Colonel Pickering blushed at Eliza's pronouncement of him. "It really is nothing, my dear. There is even a charming little flat above that the pair of you can live in until the shop generates enough capital for better lodgings."

"Or you may live here, and let out the flat for more income," Eleanor offered.

"Oh, thank you, Mrs. Higgins, but I do believe the flat will do quite nicely. I do not think your son would like the idea of me living here."

Eleanor was on the verge of declaring that her son could hang, but thought better of it. She was a lady after all, and was honor bound to set a good example for Eliza, who was very young.

"Very well, my dear.
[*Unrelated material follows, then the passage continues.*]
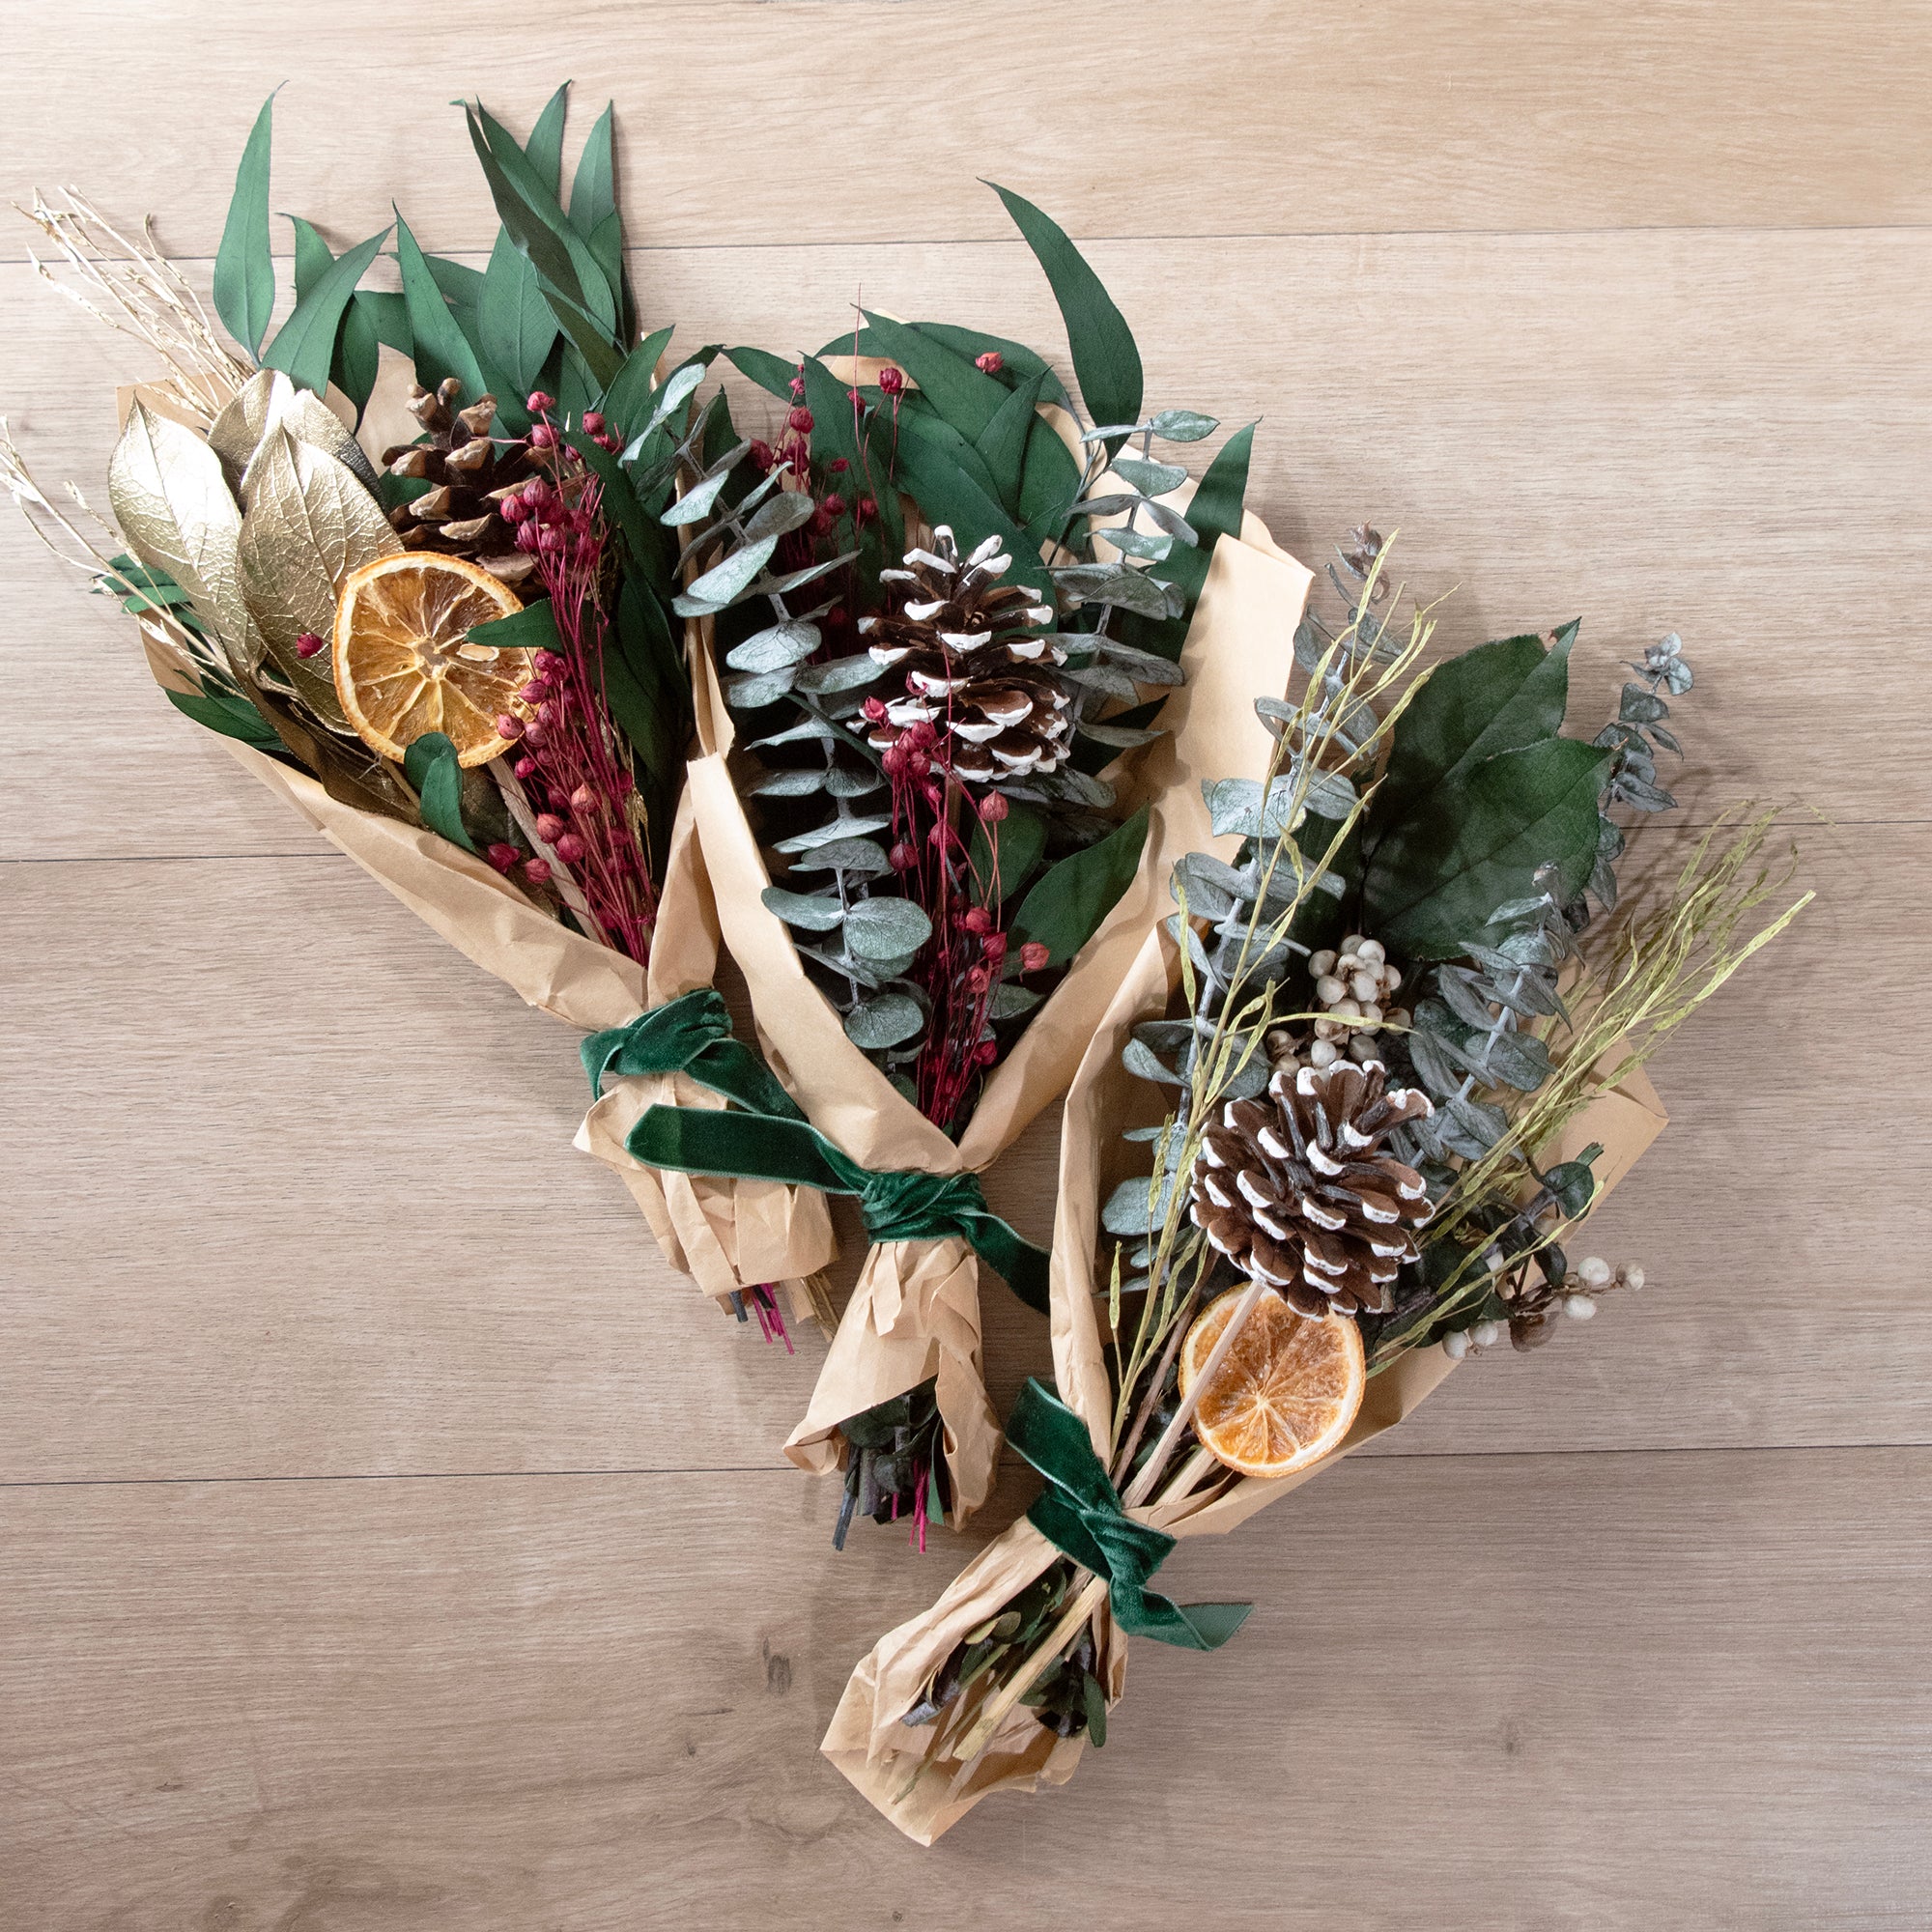 Petite Winter 12" Bouquet: Gold Leaf & Willow Eucalyptus collection

I am sure my son will come around eventually, once his pride stops stinging so."

After several hours of pleasantries, Eleanor invited Colonel Pickering, Eliza, and Freddy to have dinner with her, which they all accepted. It was a very fine affair, and Eleanor even had her best bottle of wine opened for the occasion, which they all used to toast to the future. Eliza smiled glowingly at her new husband, and decided that it was very possible that she could come to love him.

They had all the time in the world, after all.